New on DVD: “Silent House” and “Casa de Mi Padre”

Silent House (2012)
85 min., rated R.
Grade: B

Courtesy of IMP Awards

In Americanizing the 2010 Uruguayan horror film, La Casa Muda (The Silent House), husband-and-wife filmmakers Chris Kentis and Laura Lau have their work cut out for them. The deal breaker for that lackluster film was its wishy-washy narrative route when it came time for the story to come together. But Kentis and Lau, who scared vacationers away from scuba diving with their tense 2003 nightmare, Open Water, conquer such a tall order in the couple’s latest effort — Silent House.

In place of attending college, Sarah (Elizabeth Olsen) is helping her father John (Adam Trese) and uncle Peter (Eric Sheffer Stevens) fix up their family summer house so it can be sold. A loud noise startles Sarah, so her father investigates but then disappears. Sarah tries to find a way out when she’s not being chased around by a mysterious man. Is it a squatter that’s terrorizing Sarah? Or is the house haunted? Or… is it something else?

Like the first film, the stylistic conceit of Silent House is that it’s shot in one continuous take and played out in real time over the course of 85 minutes. Even though this isn’t the groundbreaker for such a cinematic stunt (Hitchcock accomplished this illusion in 1948′s Rope), it’s still a neat trick and not a simple undertaking (wow, no boom mike shadow?!). Kentis, Lau, and cinematographer Igor Martinovic demonstrate dexterous choreography to convince us that we’re watching a “oner.”

Where Silent House scores is in cranking up the disconcerting, nerve-frying unease from the intimate technical angle. Also, what a difference a new script (and a few tweaks to the final revelation) can make to the final product. Managing to get around the snags of the foreign version’s stupid, sloppy writing, Lau’s script better handles the by-now standard twist, so it works under scrutiny, in retrospect. A few too many clues are dropped before the big reveal and feel like less-than-subtle devices. However, the manner in which secrets are finally presented doesn’t feel like a cheat and, compared to Gustavo Hernández’s film, actually disturbs on the second try.

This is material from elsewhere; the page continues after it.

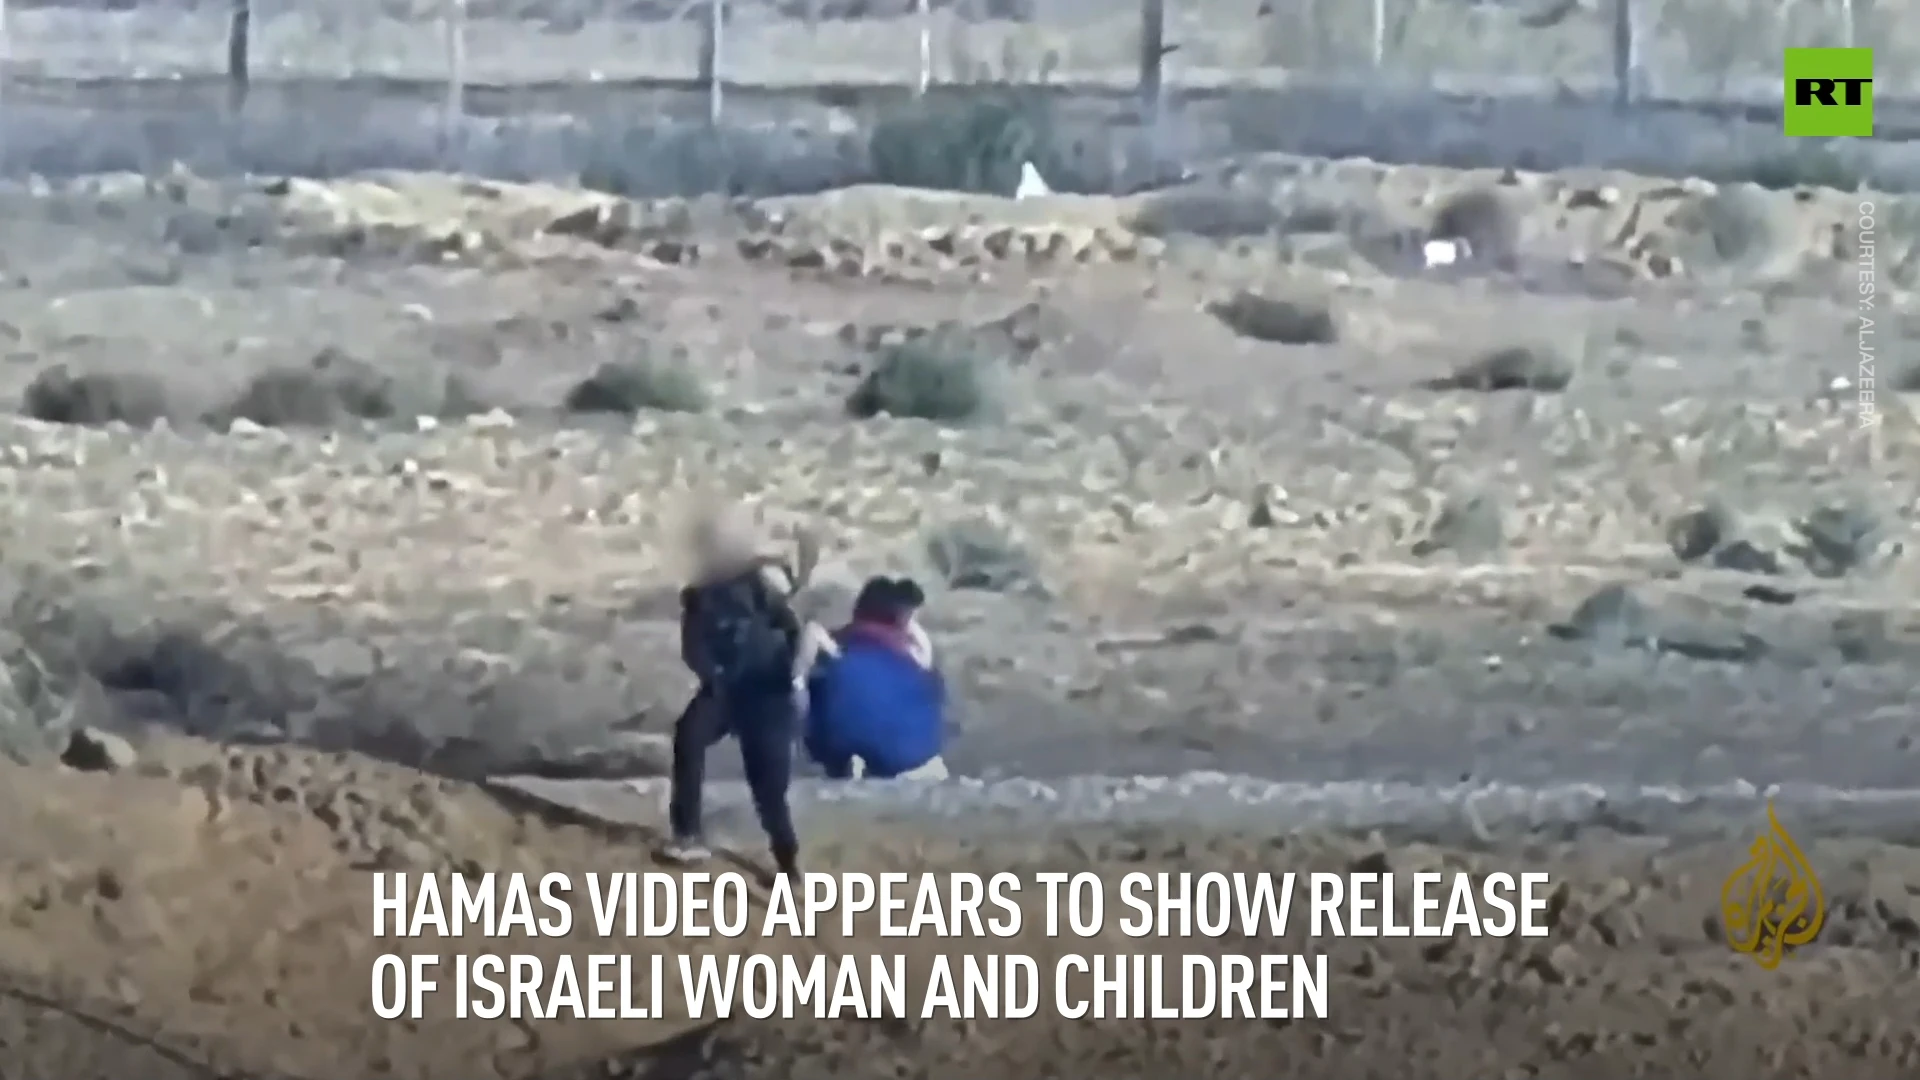 Hamas video appears to show release of Israeli woman and children

Even before her extraordinary star-making performance in 2011′s unforgettably haunting Martha Marcy May Marlene, Olsen made this other Sundance movie. Here, her on-the-fly performance is so watchable and committed, and good thing, because the camera never leaves her side and she has to hit her mark. Olsen goes through the emotional wringer, with her scared face conveying a vulnerability and strong intuition. As we go along with Sarah, we don’t know anything more than she does, waiting for something or someone to pounce on her and us.

Silent House might not reinvent the spooky-house genre in any way, but as a visceral experience, it’s mostly effective at what it aims to do, which is putting a lump in your throat.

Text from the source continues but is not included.